Exercise requirements >> In the material below, find the line containing "Absence of Igd-CD27(+)" and the line containing "Cecina Mid-Century Modern". Output those two lines and all lines between them exactly, without pictures.

Recorded data >>
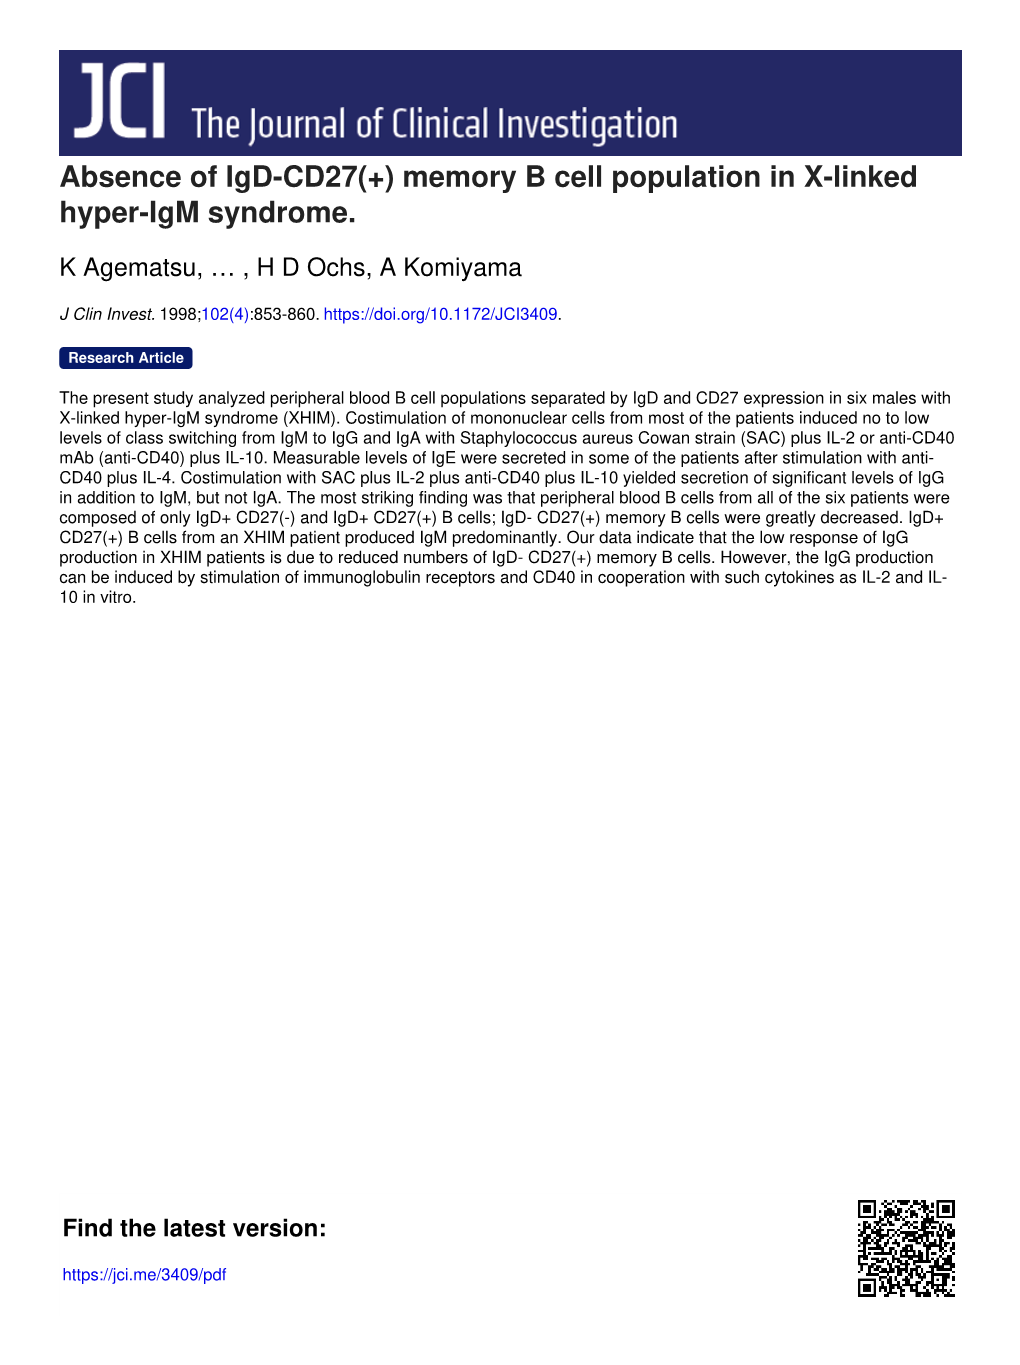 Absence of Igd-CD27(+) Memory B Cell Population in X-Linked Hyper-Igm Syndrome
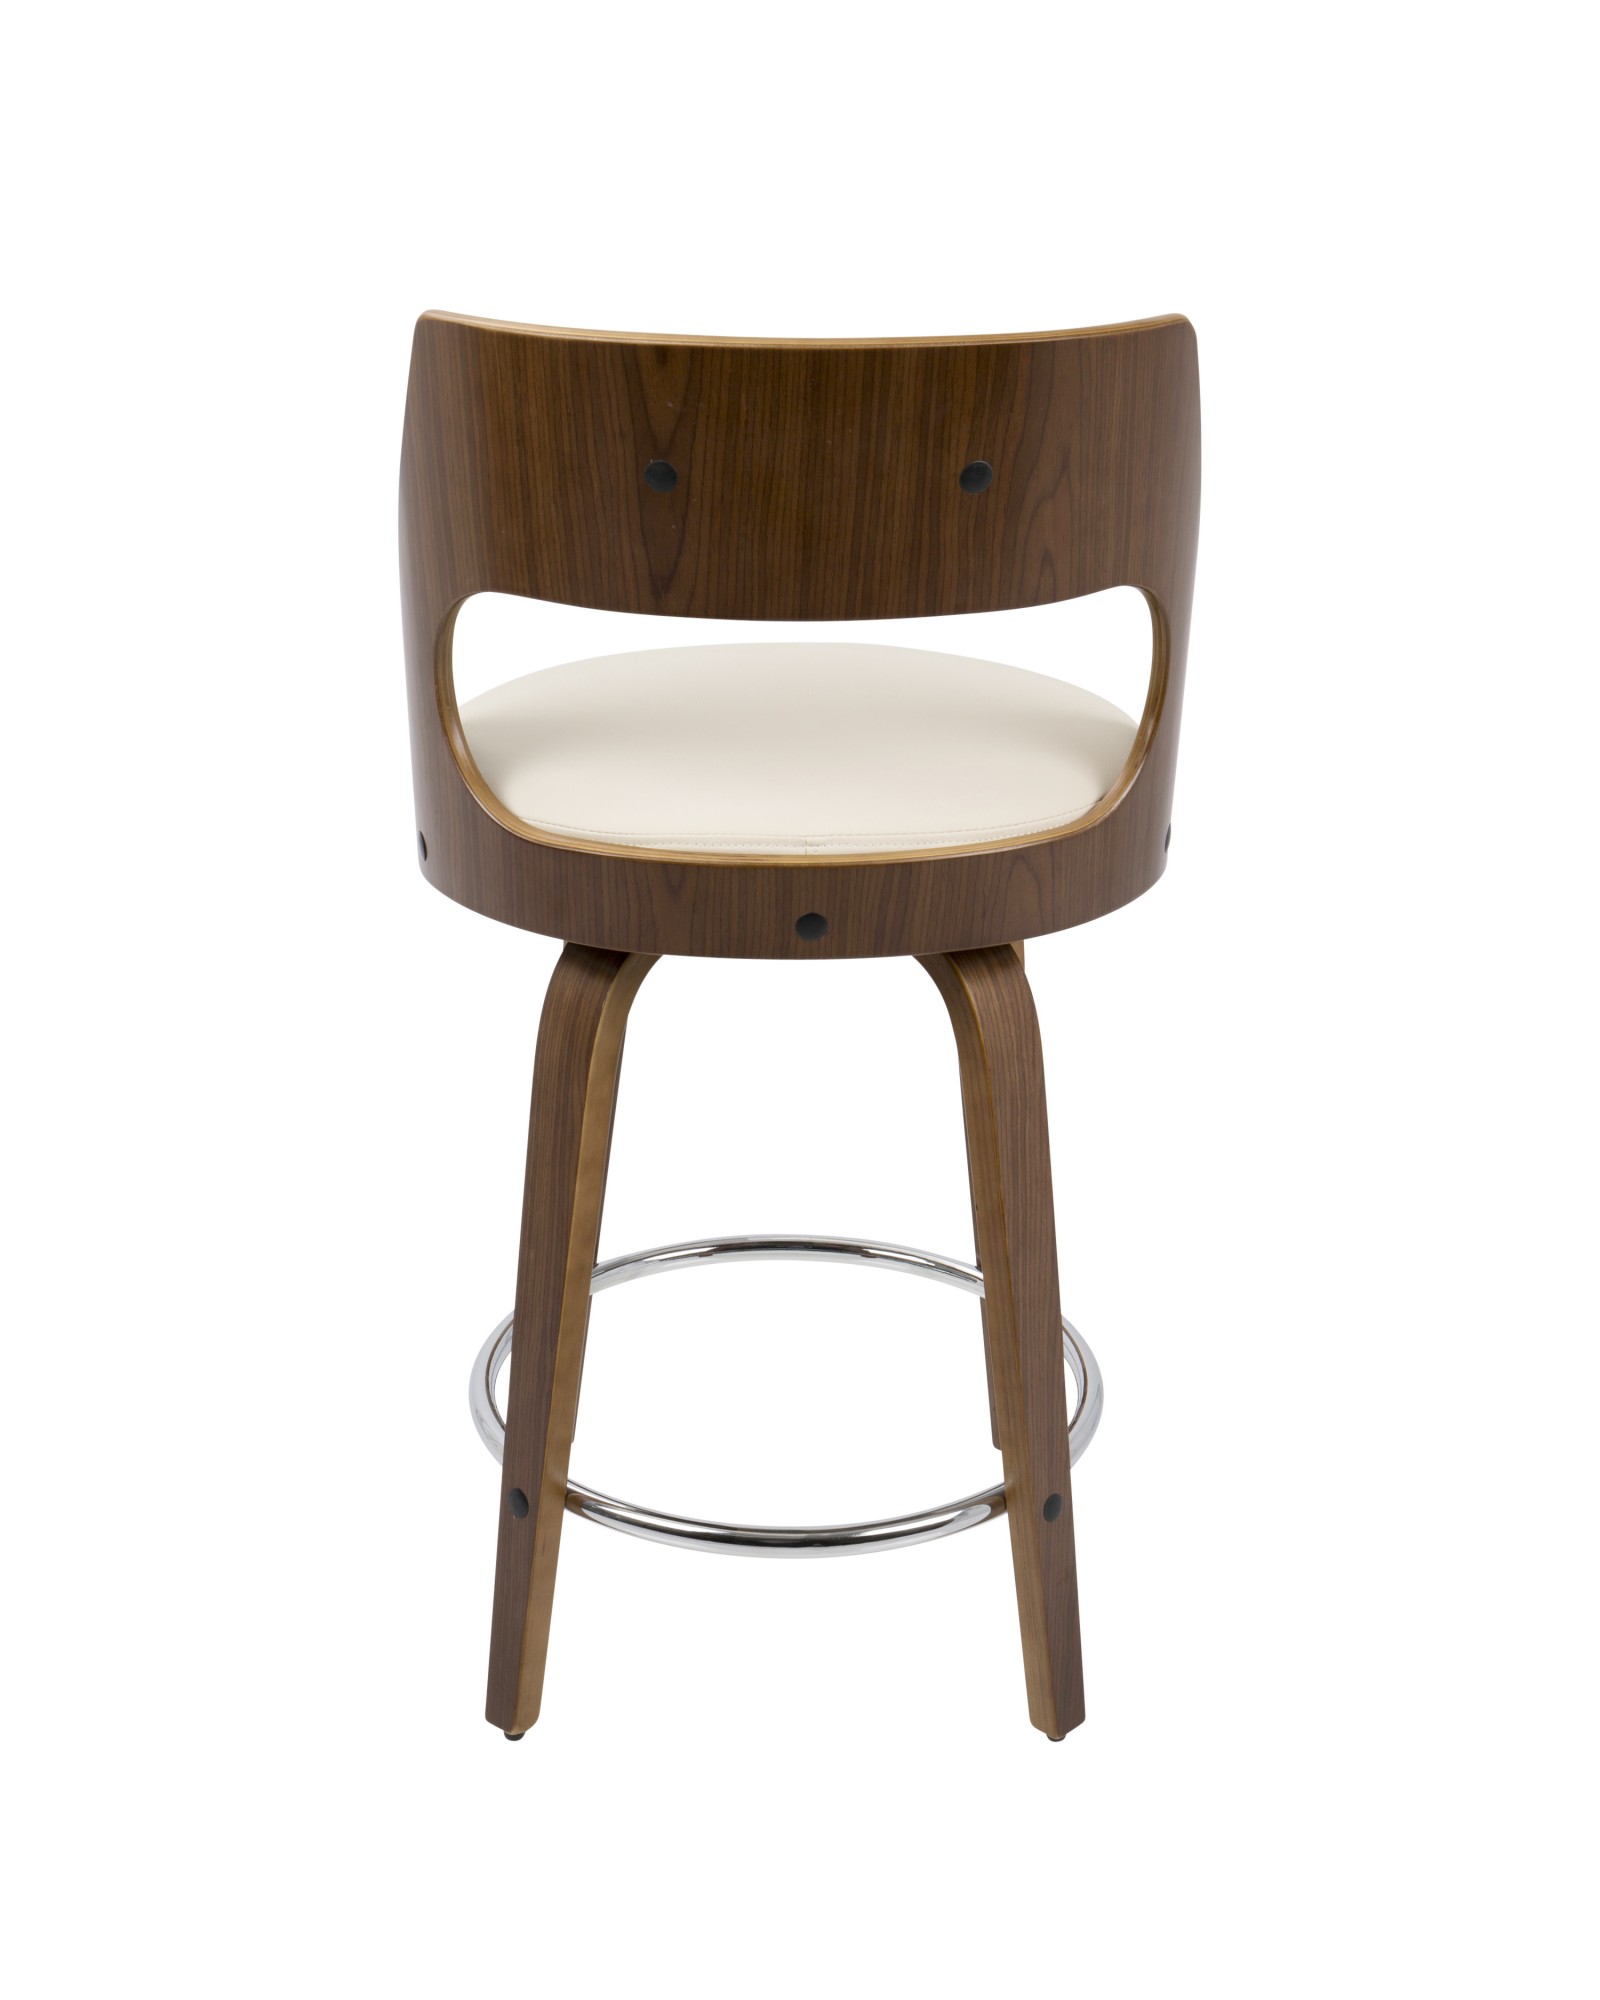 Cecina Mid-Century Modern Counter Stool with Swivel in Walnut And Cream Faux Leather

==

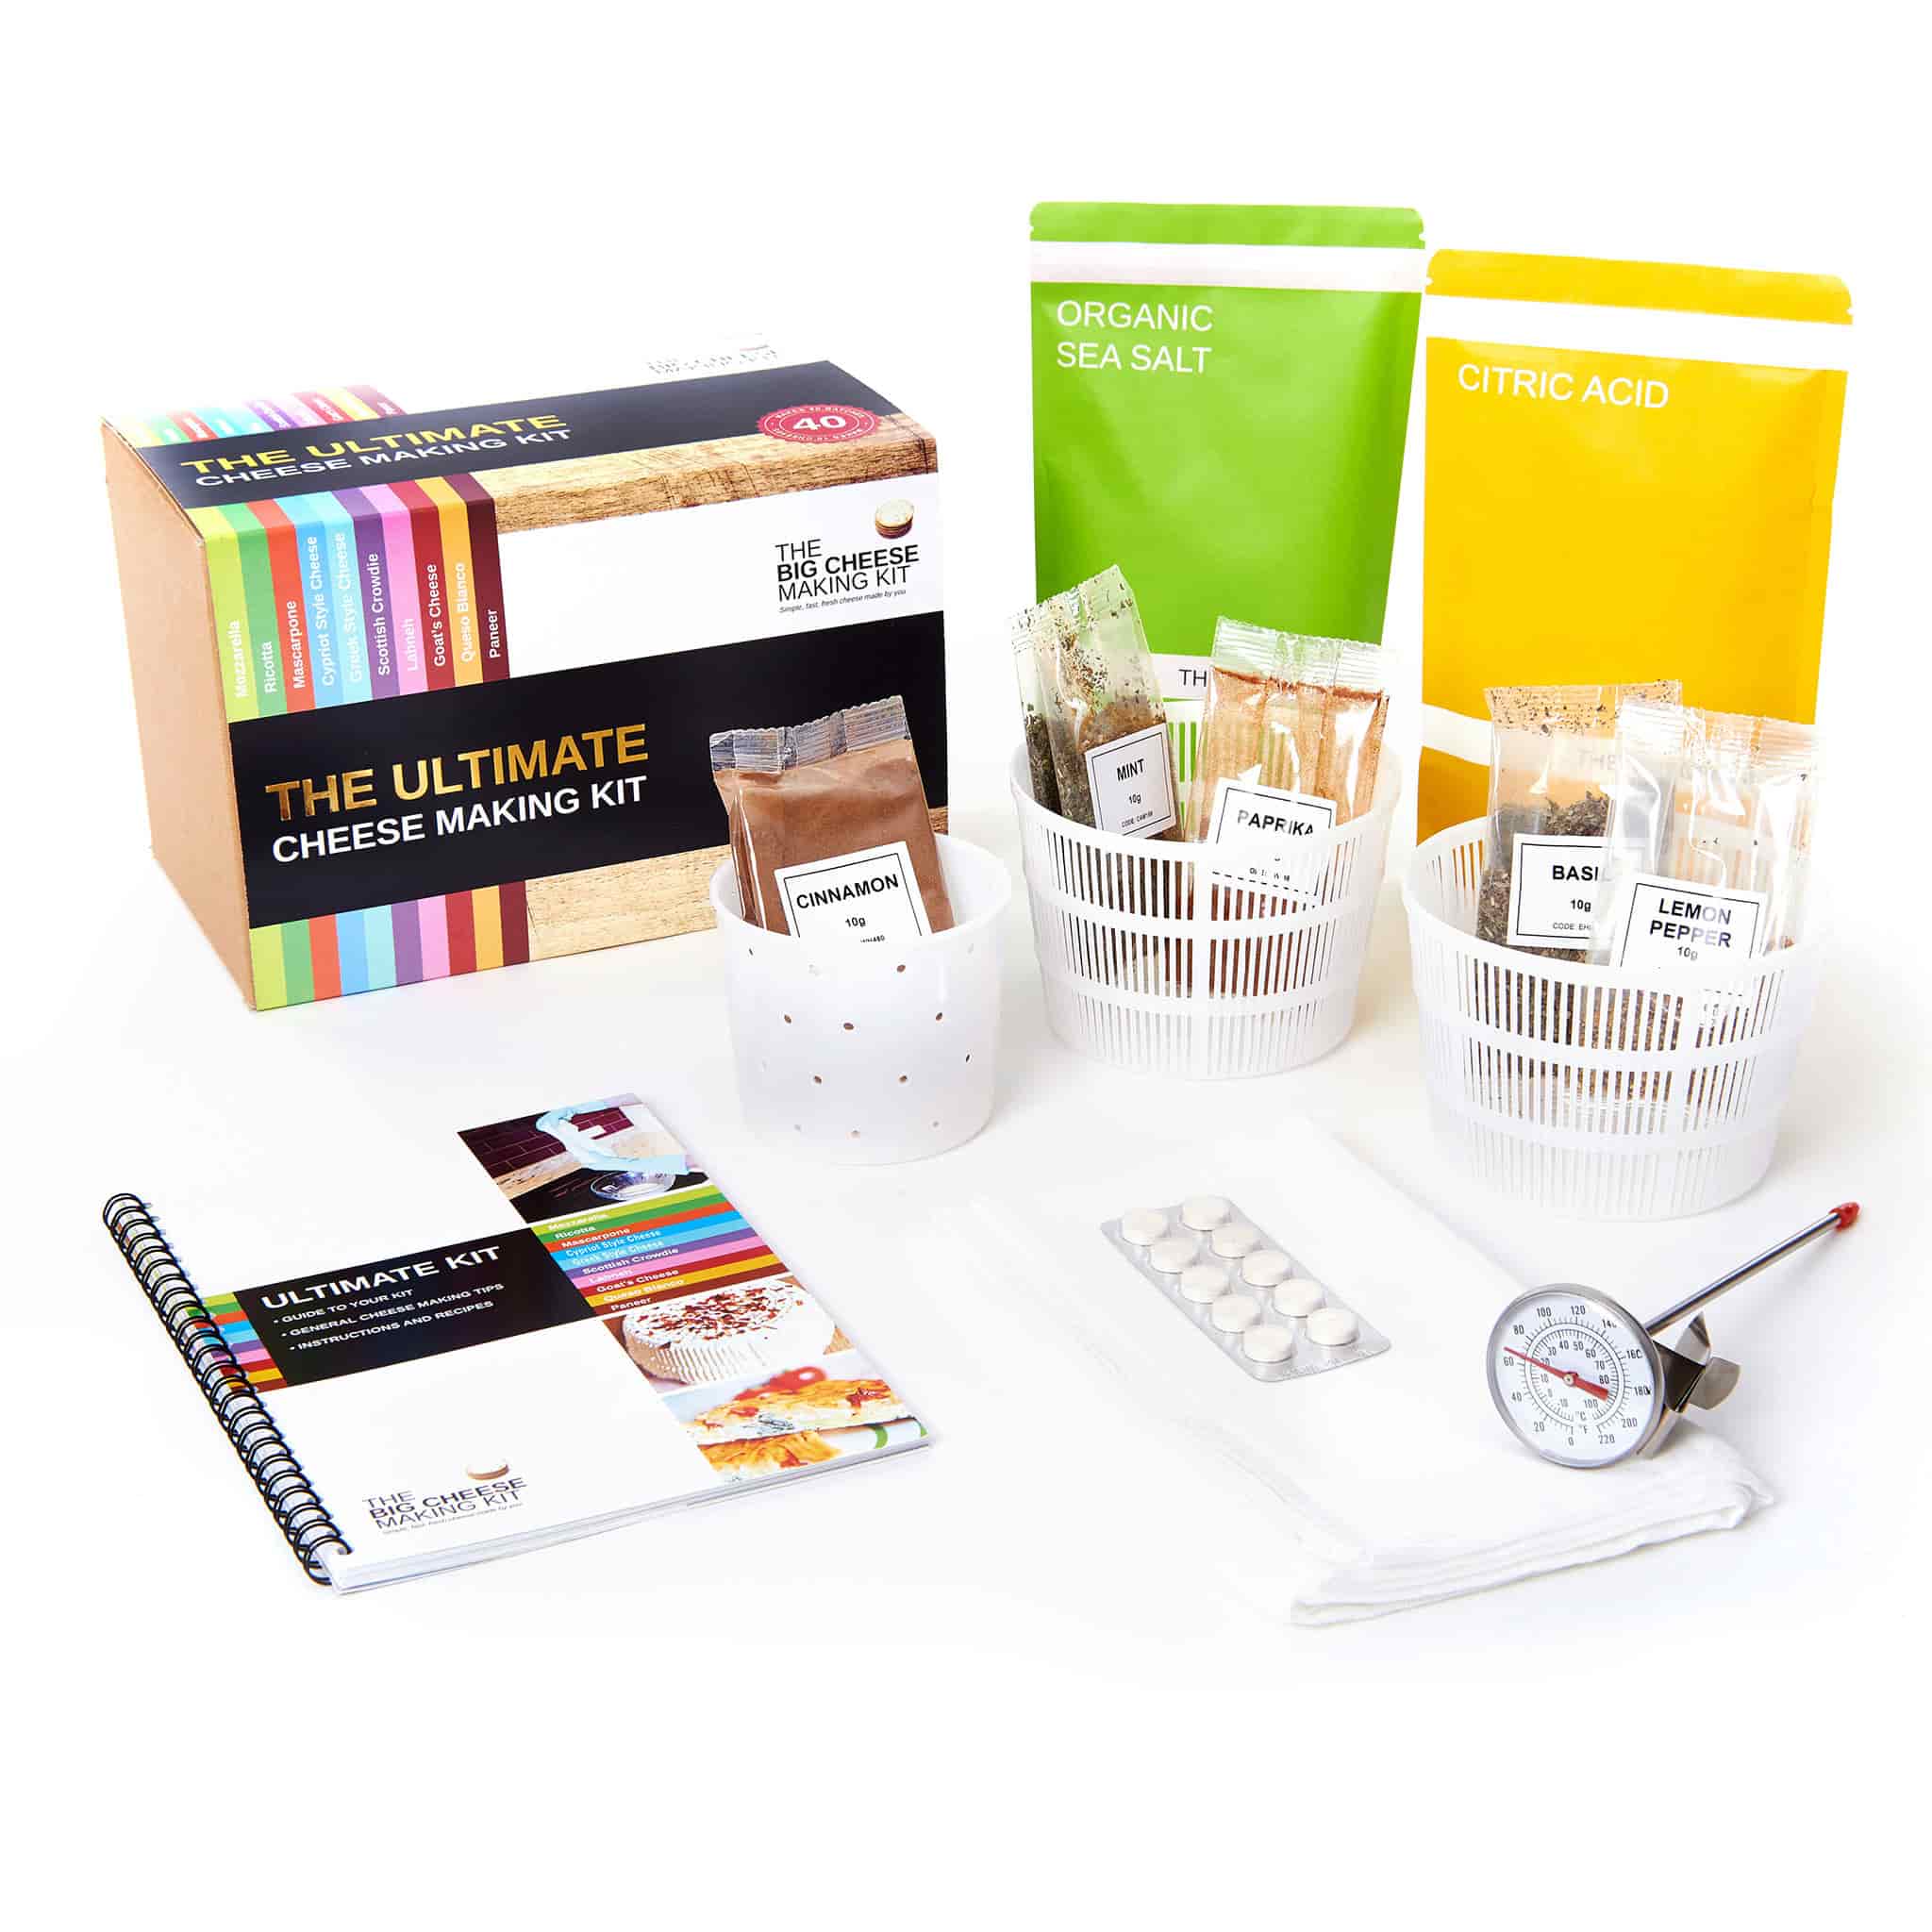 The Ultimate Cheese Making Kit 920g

Exercise response >>
 Absence of Igd-CD27(+) Memory B Cell Population in X-Linked Hyper-Igm Syndrome
 Cecina Mid-Century Modern Counter Stool with Swivel in Walnut And Cream Faux Leather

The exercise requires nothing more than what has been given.